That’s not a knock against the show’s quality, because Shots Fired has a compelling story to tell and the chops to do it justice. The Bythewoods have assembled a great cast that includes Sanaa Lathan and Stephan James as Ashe Akino and Preston Terry, respectively, the series and investigative leads. They’re a pair of mismatched ringers sent to uncover the truth in Gate Station, North Carolina: She’s a street-smart investigator, and he’s a polished litigator. They share goals, if not methods, and they’re both conflicted by the assignment, which, despite what their boss says, might not be able to be contained to just this particular police officer, this particular shooting, and this particular Southern town. The state of North Carolina might end up making an example of Officer Joshua Beck (Tristan Wilds), but is he really deserving of its fury or representative of the bigger problem?

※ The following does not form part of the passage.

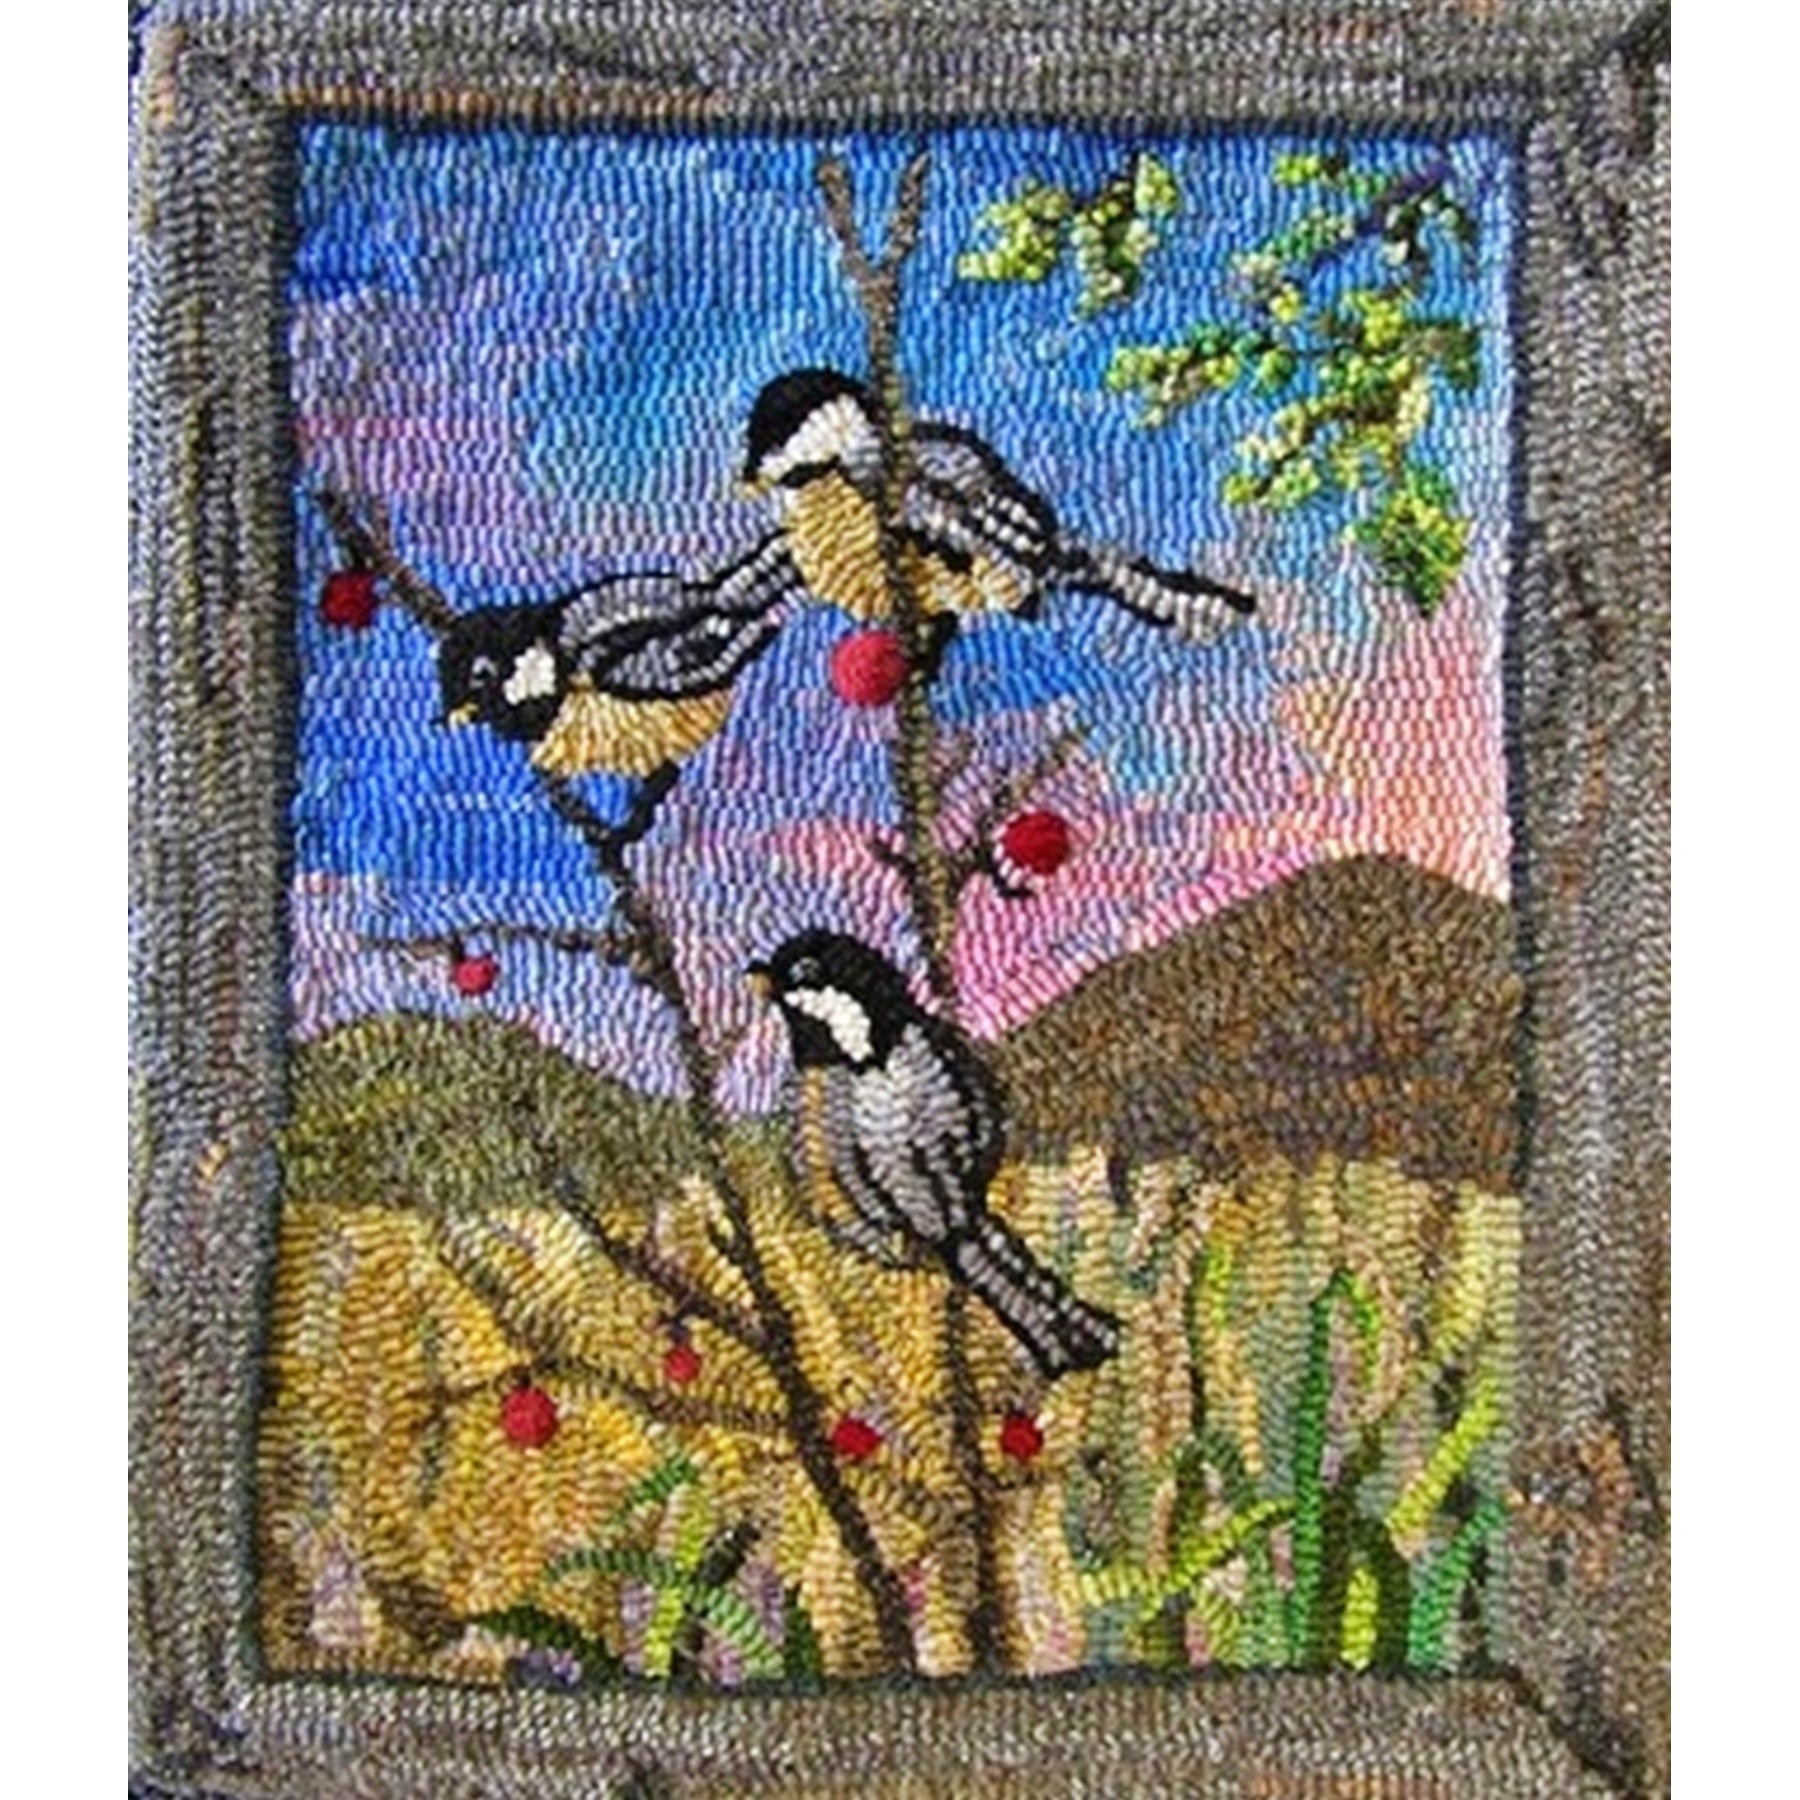 Chickadees, rug hooked by Gail Becker
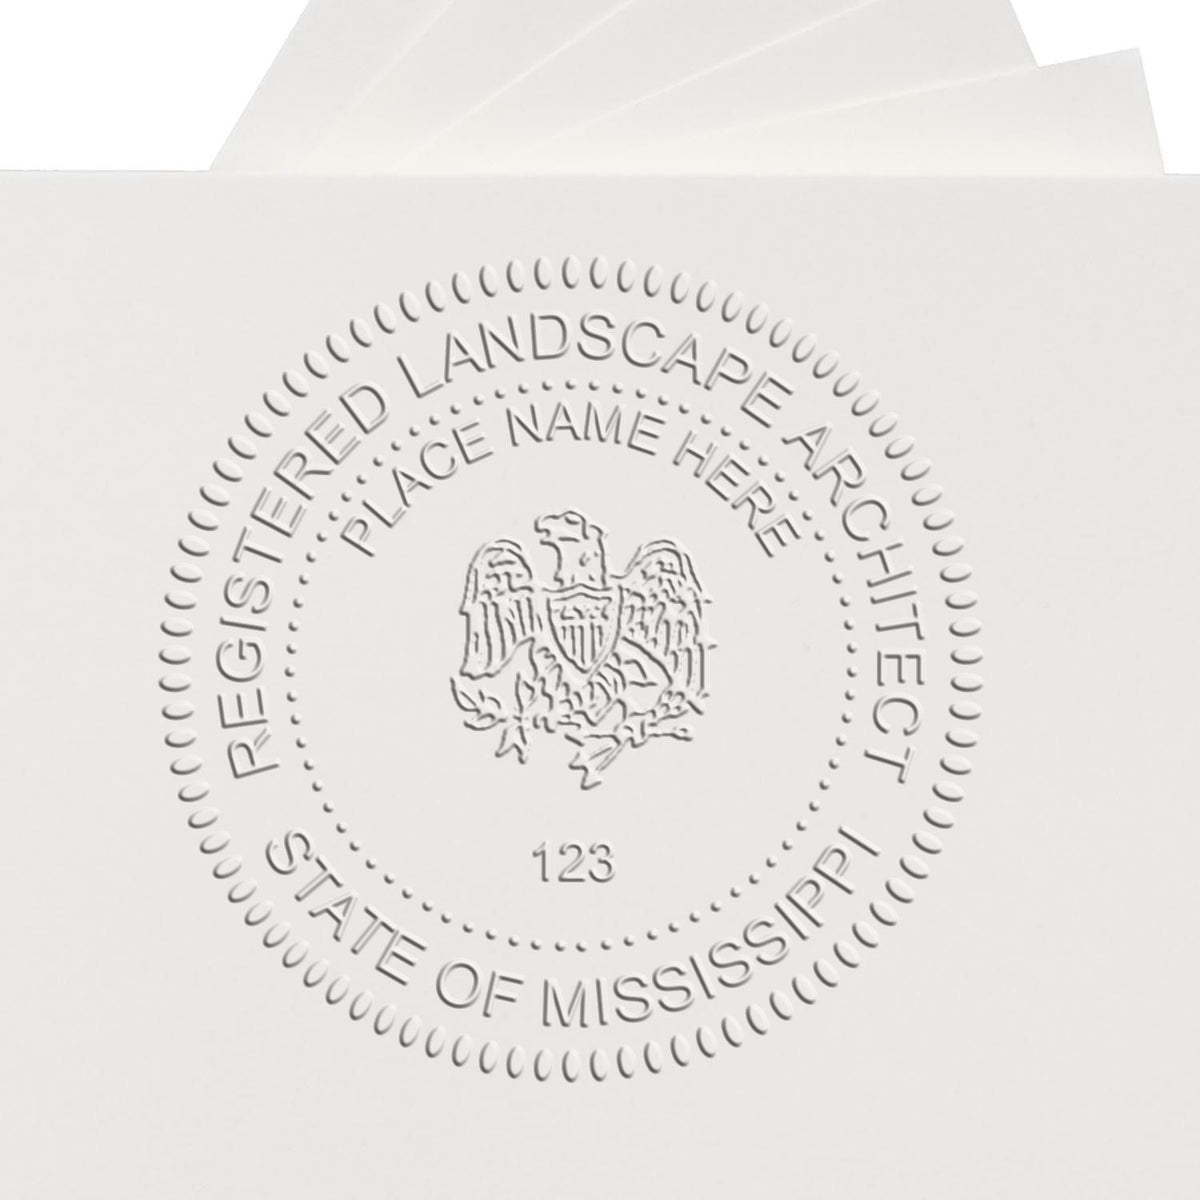 The Gift Mississippi Landscape Architect Seal stamp impression comes to life with a crisp, detailed image stamped on paper - showcasing true professional quality.

Those aren’t merely philosophical or sociological questions that Shots Fired is posing; it often goes into procedural mode to examine the exact nature of these possible crimes. The transitions from crime drama to Dick Wolf territory aren’t always seamless and sometimes even threaten to derail the show, which builds a full head of steam off its themes. The decision to make the victim of the police shooting a white man doesn’t diminish Shots Fired’s relevance, nor does it absolve those in power. It acts as misdirection for both the characters and audience; in the story, it allows some people to see justice has been served. But from the viewers’ perspective, all that’s visible are the strings attached.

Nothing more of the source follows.